- **Work to be completed**
Line by line, give the data again exactly as it appears, but without pictures.

- **Source data**
+-------+

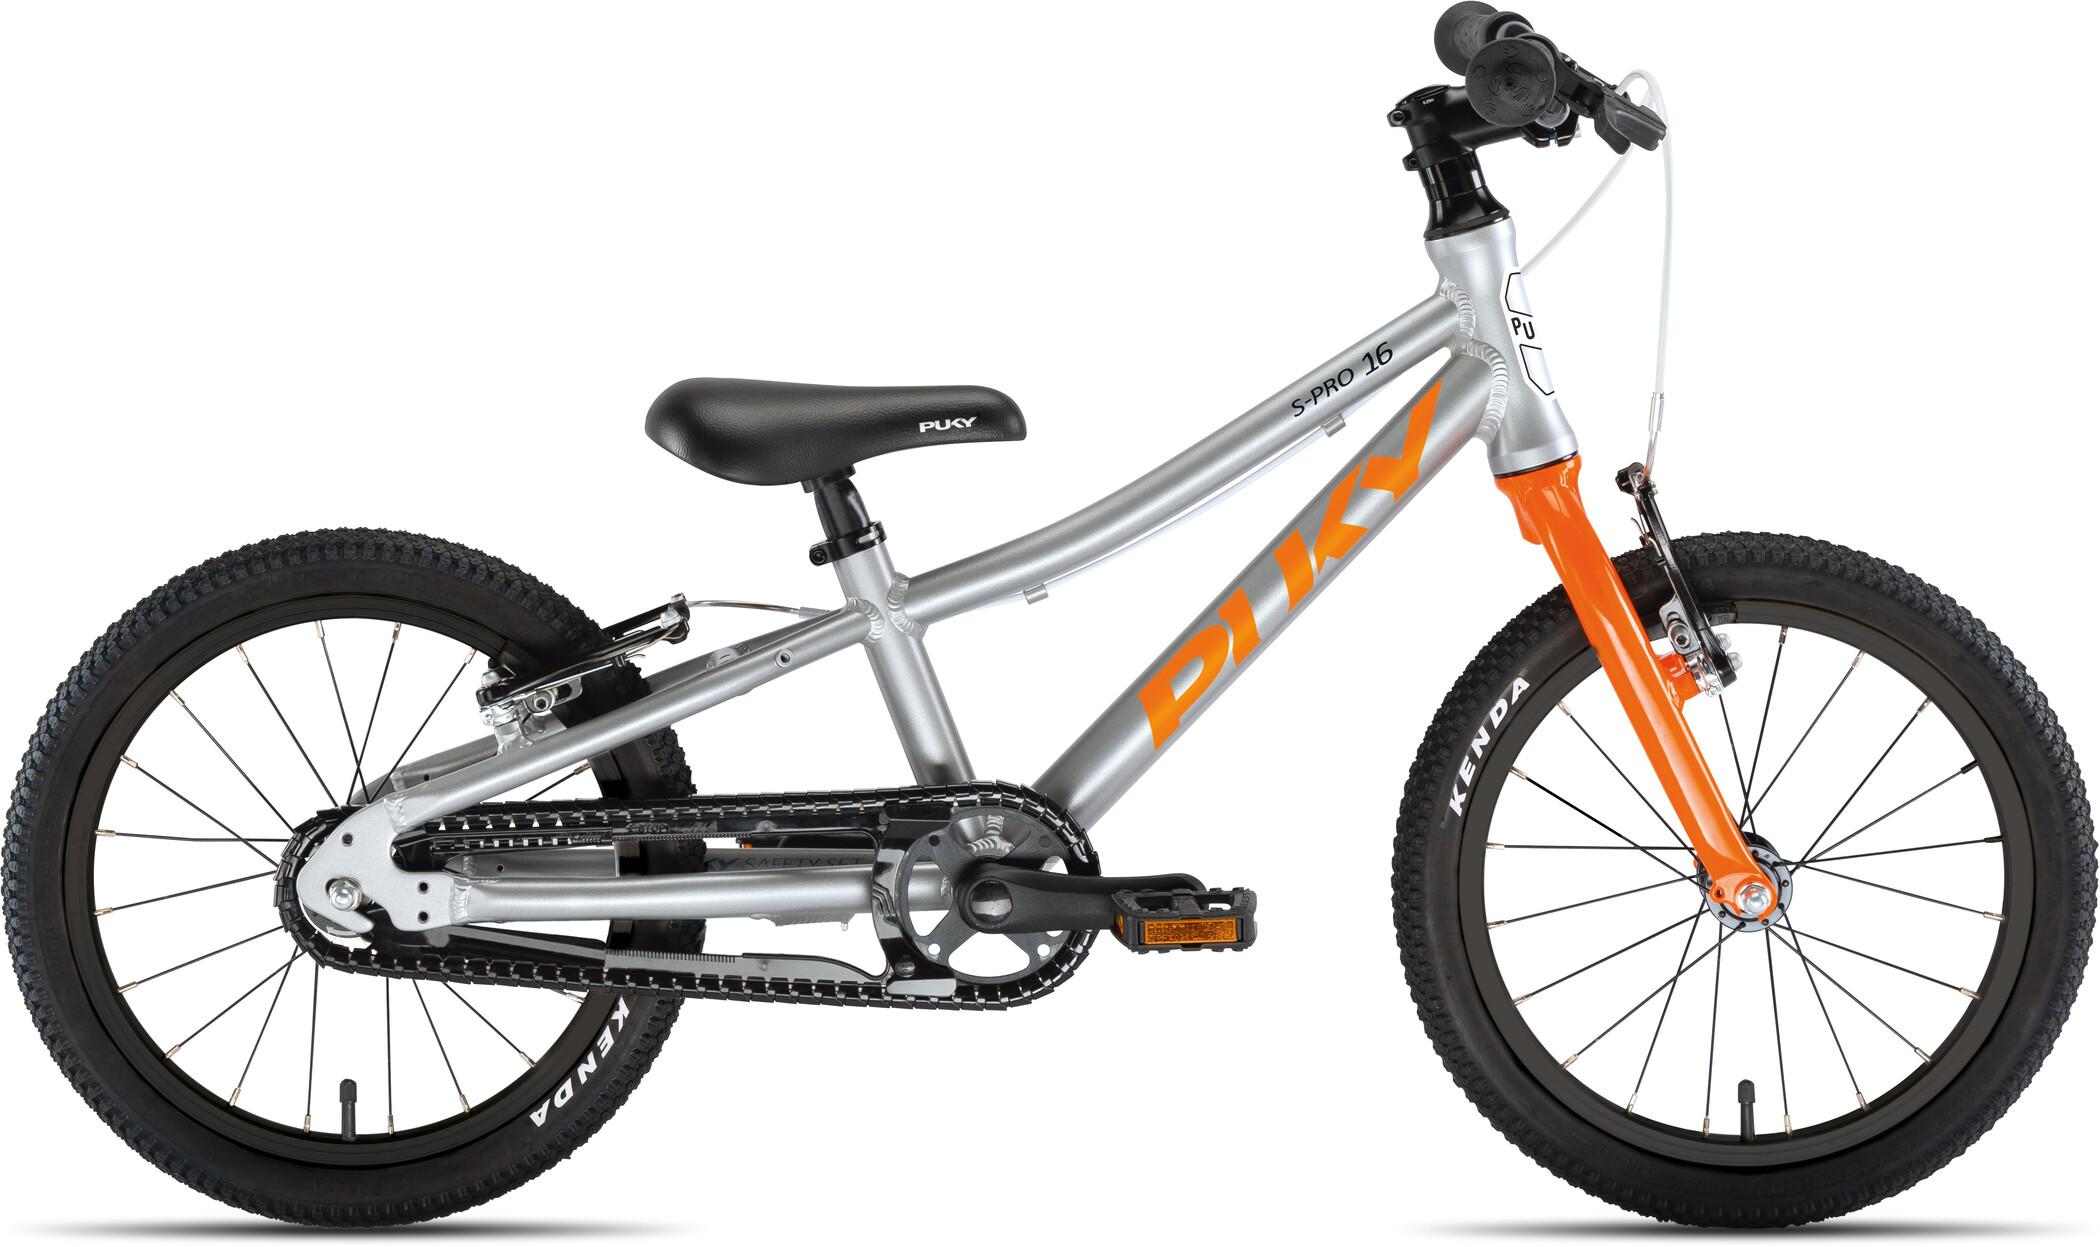 Kinderfahrrad 12 18 Zoll günstig kaufen | bikester.at
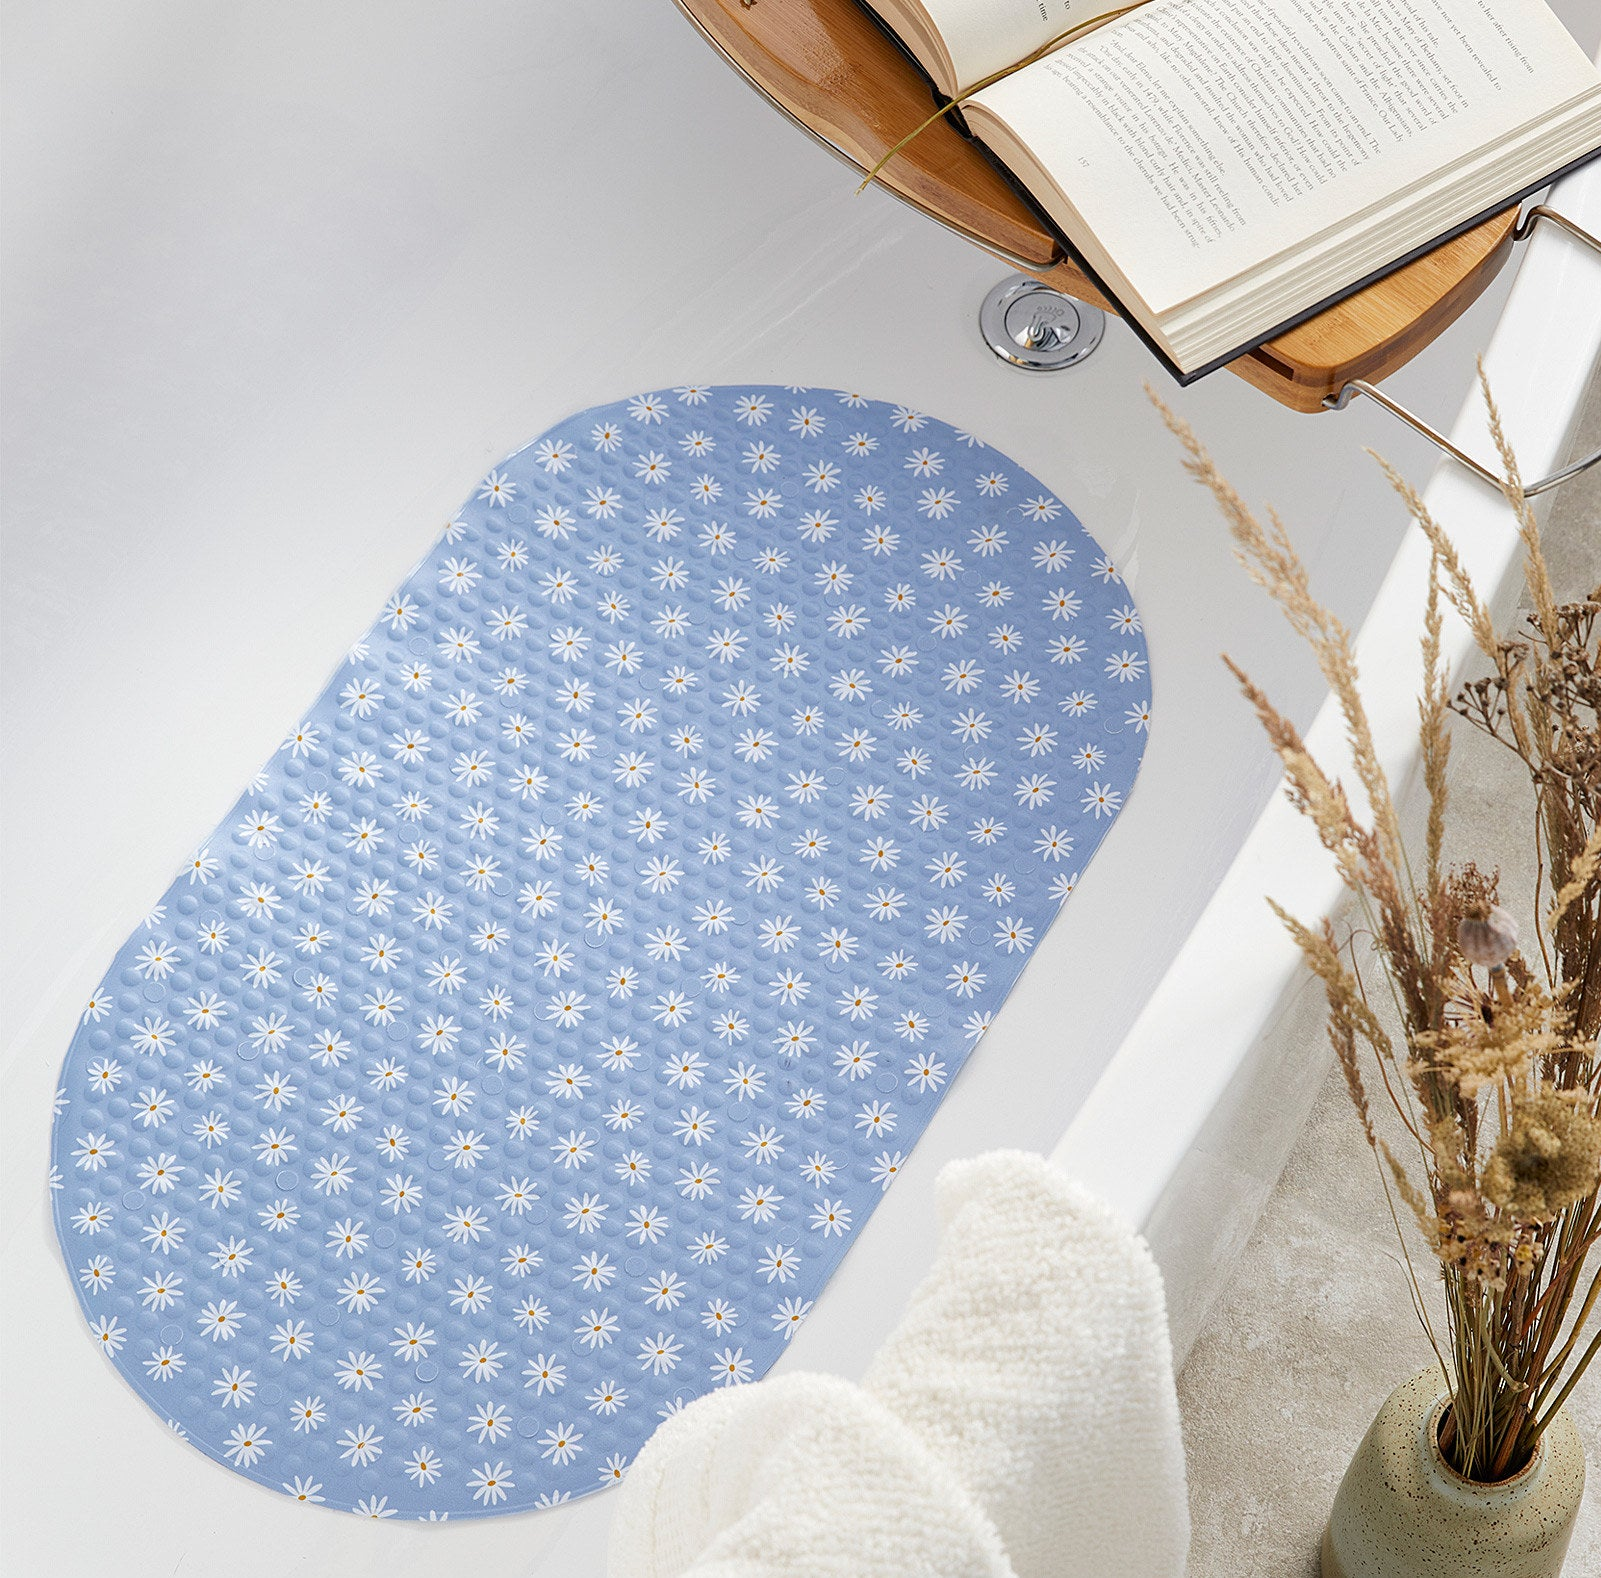 a floral bath mat in a tub
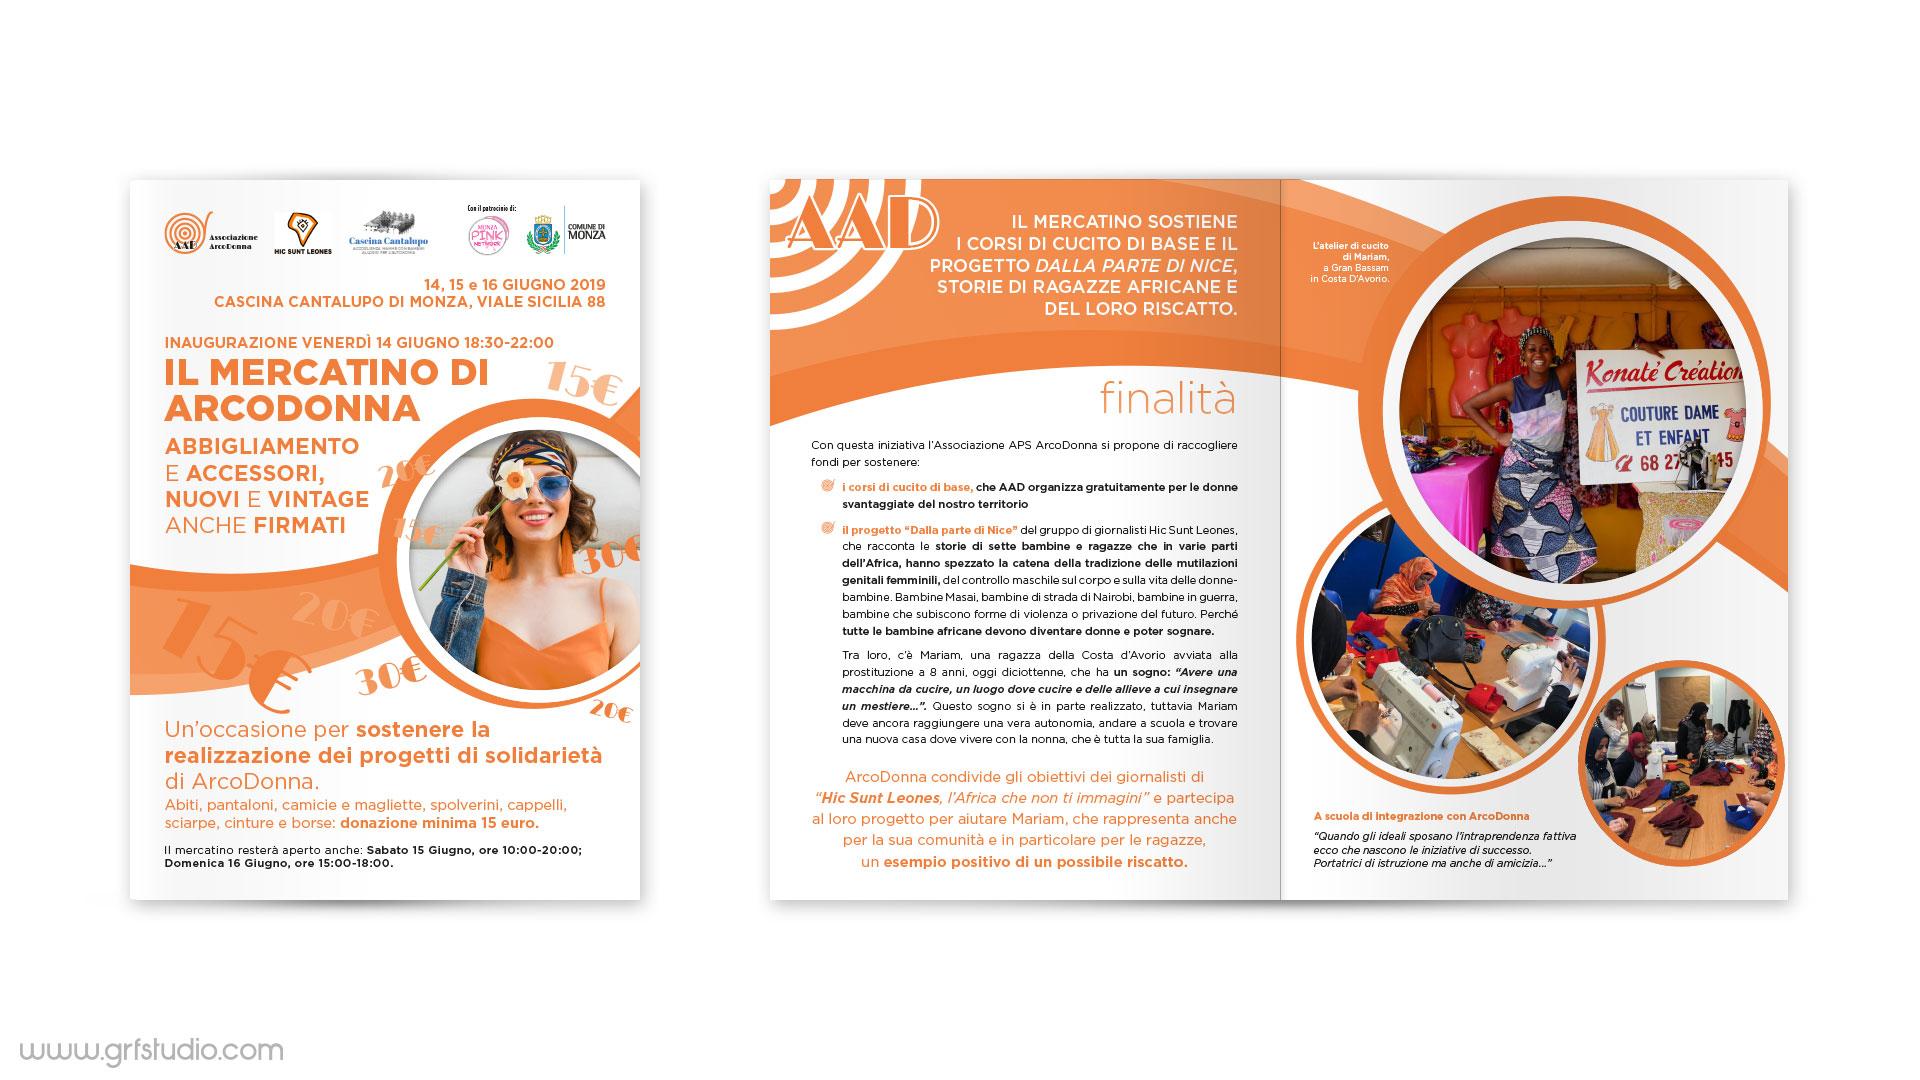 agenzia di comunicazione; grafica e advertising
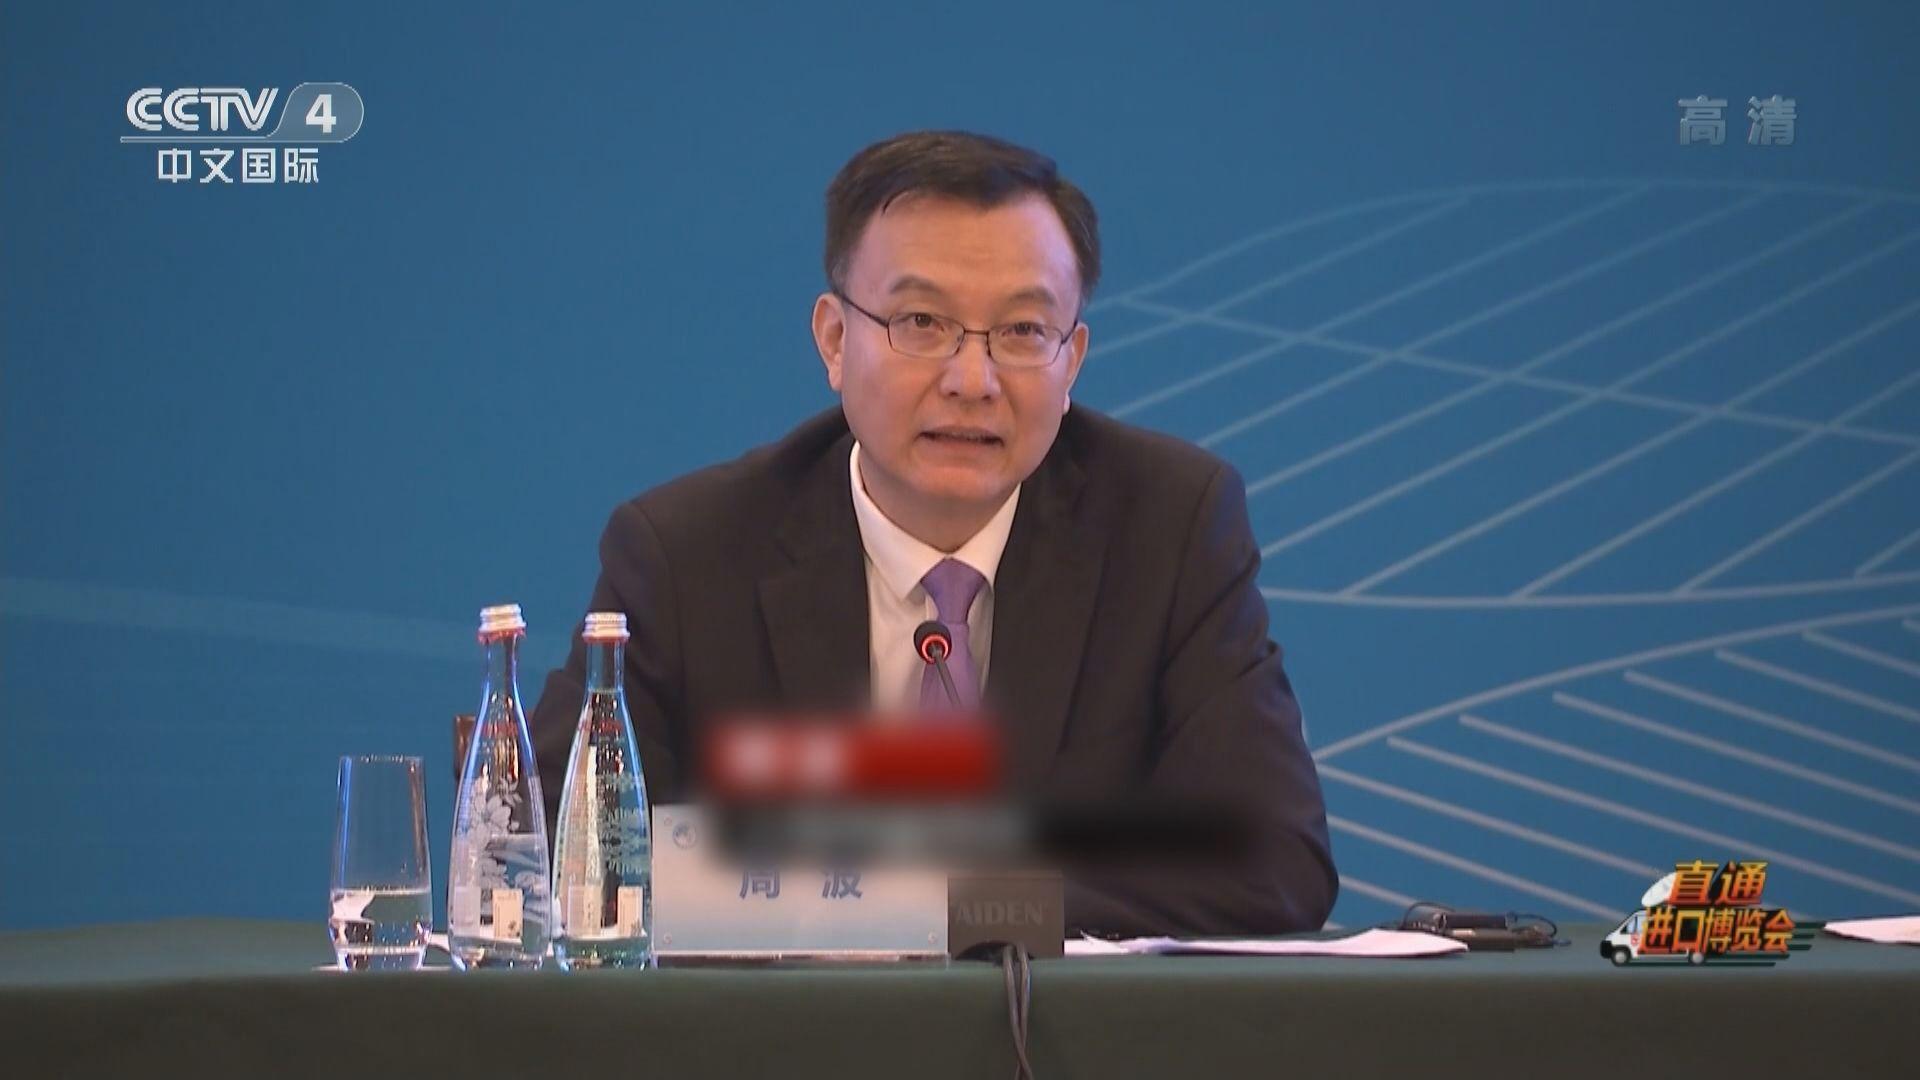 上海市常務副市長周波將率團出席雙城論壇

+-------+

- **Solution to the problem**
 Kinderfahrrad 12 18 Zoll günstig kaufen | bikester.at
 a floral bath mat in a tub
 agenzia di comunicazione; grafica e advertising
 上海市常務副市長周波將率團出席雙城論壇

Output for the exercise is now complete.